BEGIN DATA SECTION
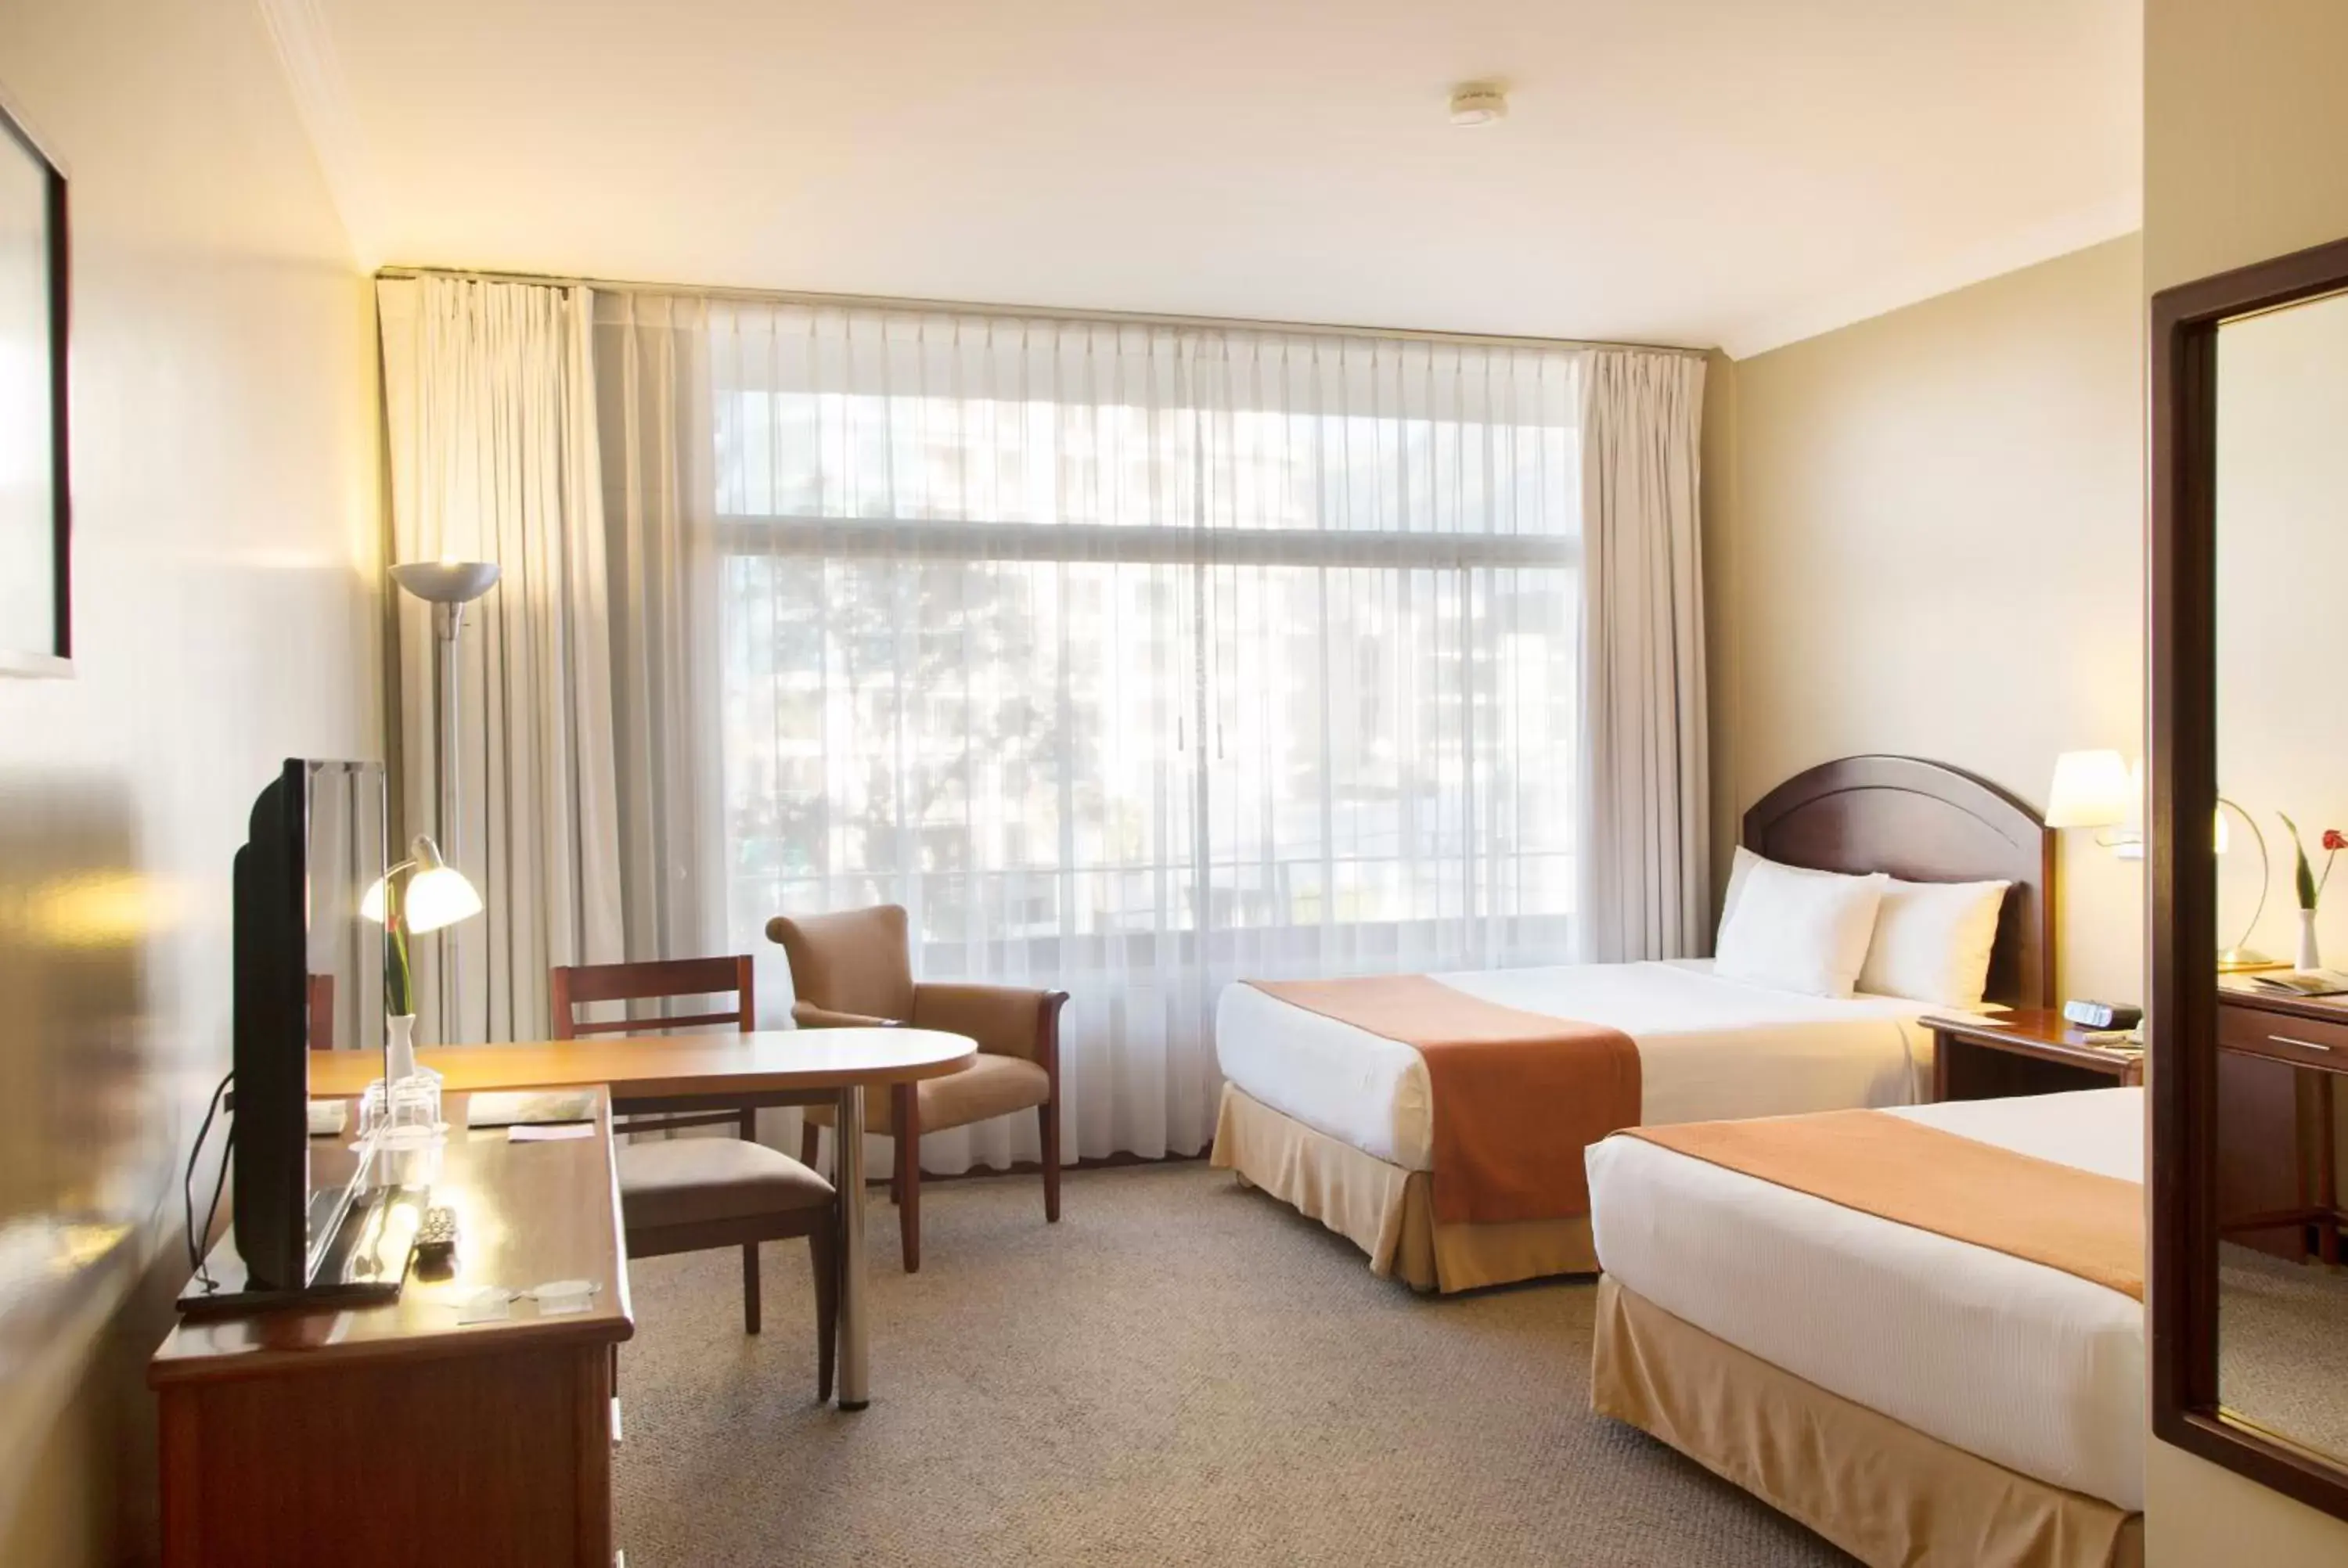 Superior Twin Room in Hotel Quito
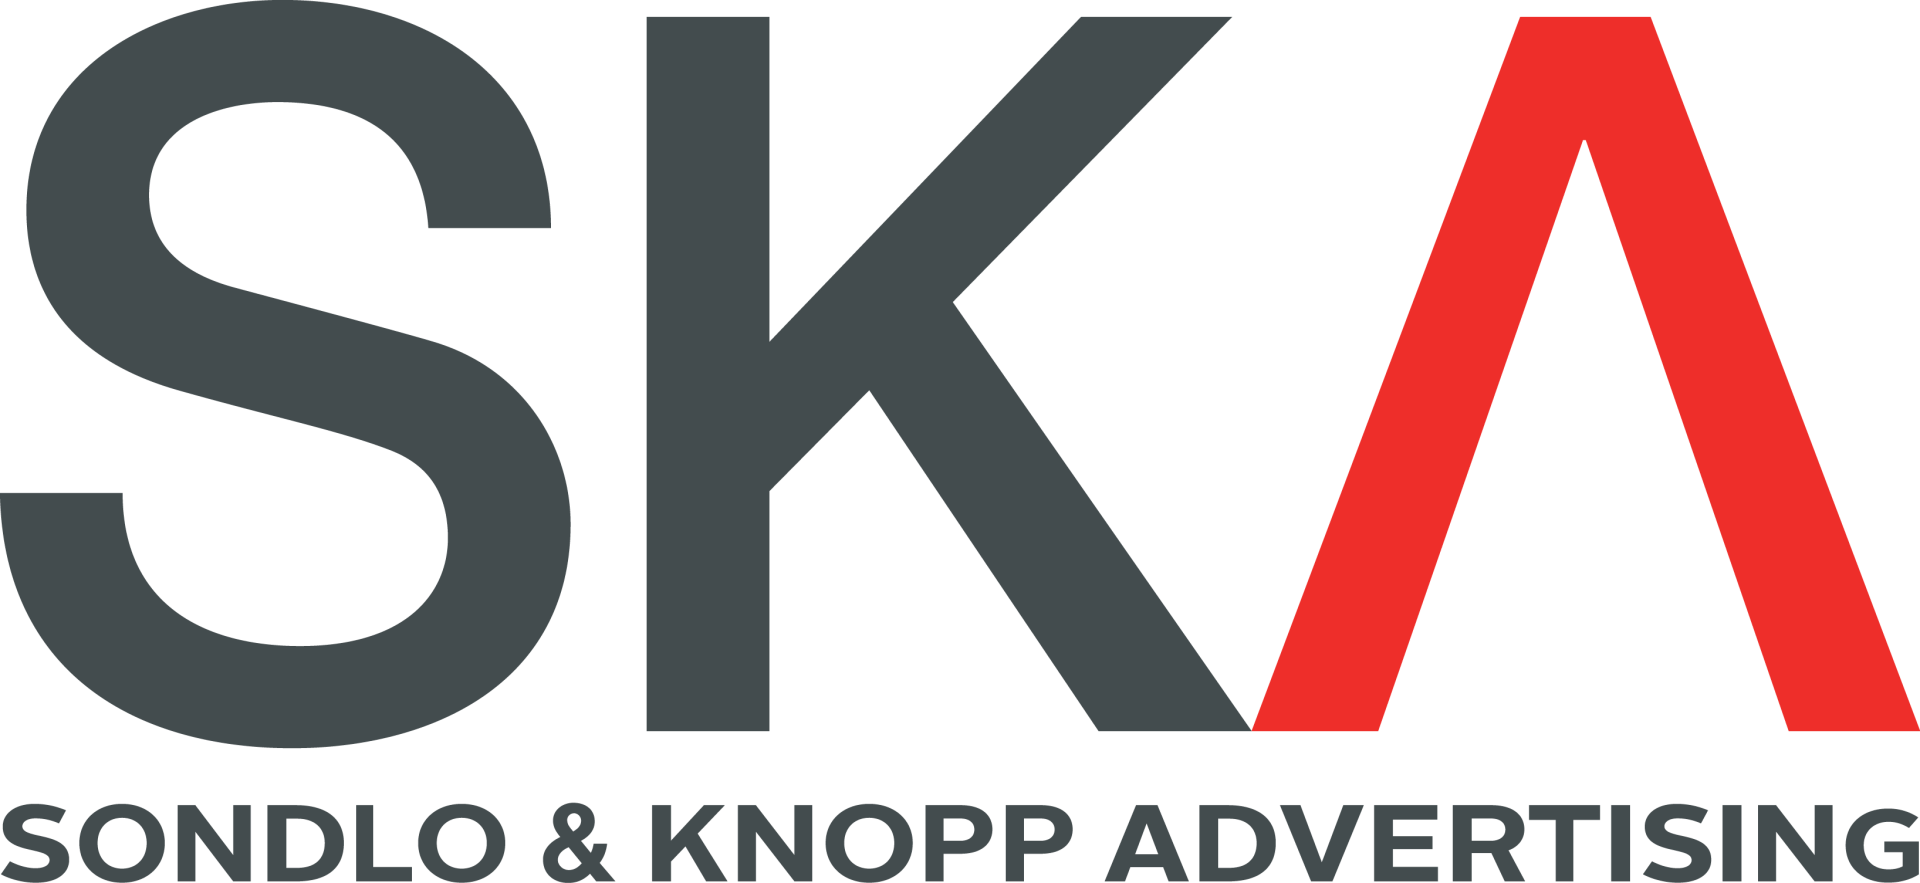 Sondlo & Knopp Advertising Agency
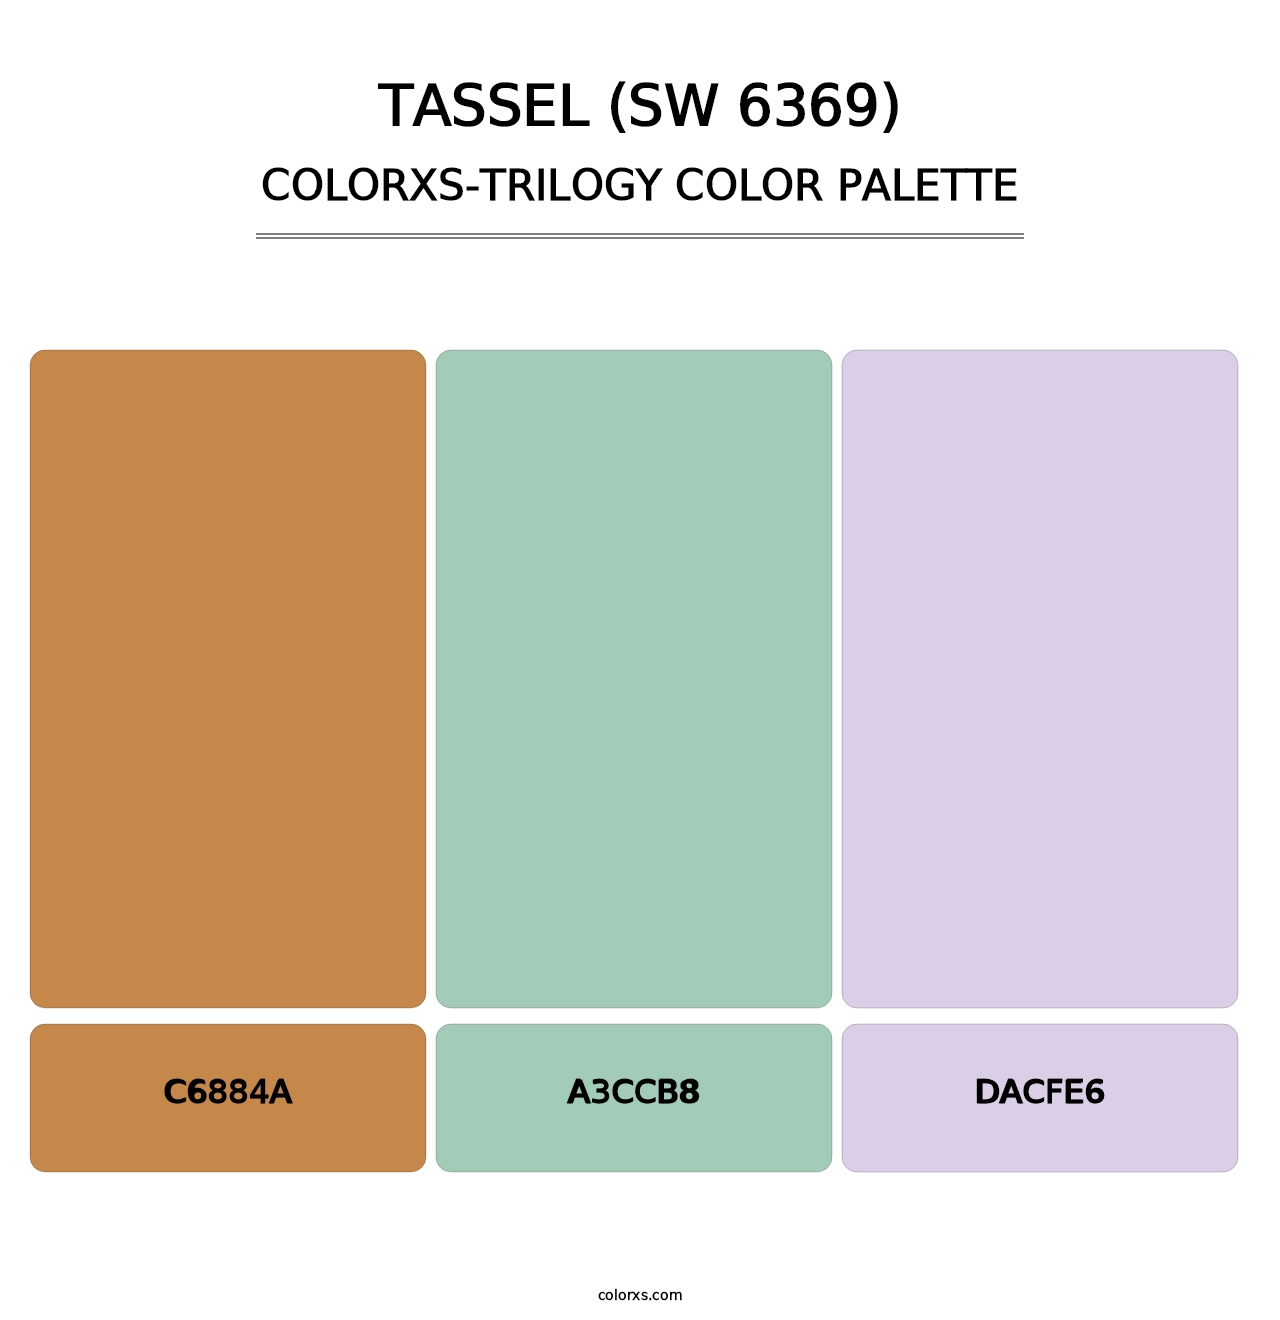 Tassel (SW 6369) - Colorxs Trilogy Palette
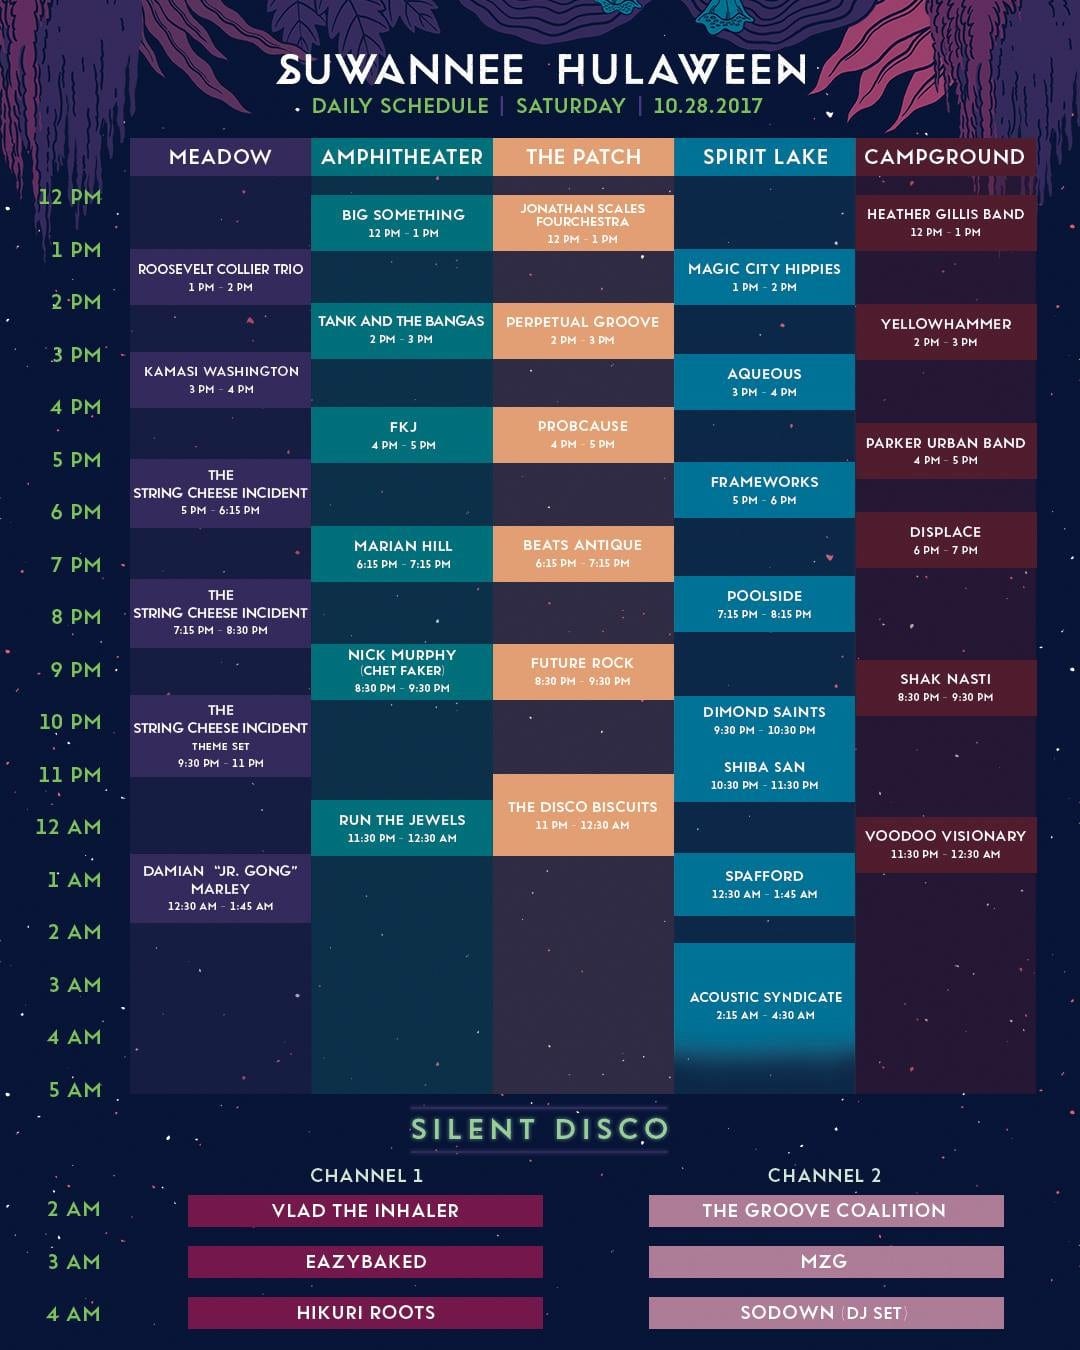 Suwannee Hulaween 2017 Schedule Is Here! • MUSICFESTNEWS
END DATA SECTION
● **EXERCISE OBJECTIVE**: Exactly the lines from the one with "Tassel (SW 6369) - Colorxs Trilogy Palette" to the last line of the listing are wanted, both ends included and pictures excluded.

● **REPLY**:
 Tassel (SW 6369) - Colorxs Trilogy Palette
 Suwannee Hulaween 2017 Schedule Is Here! • MUSICFESTNEWS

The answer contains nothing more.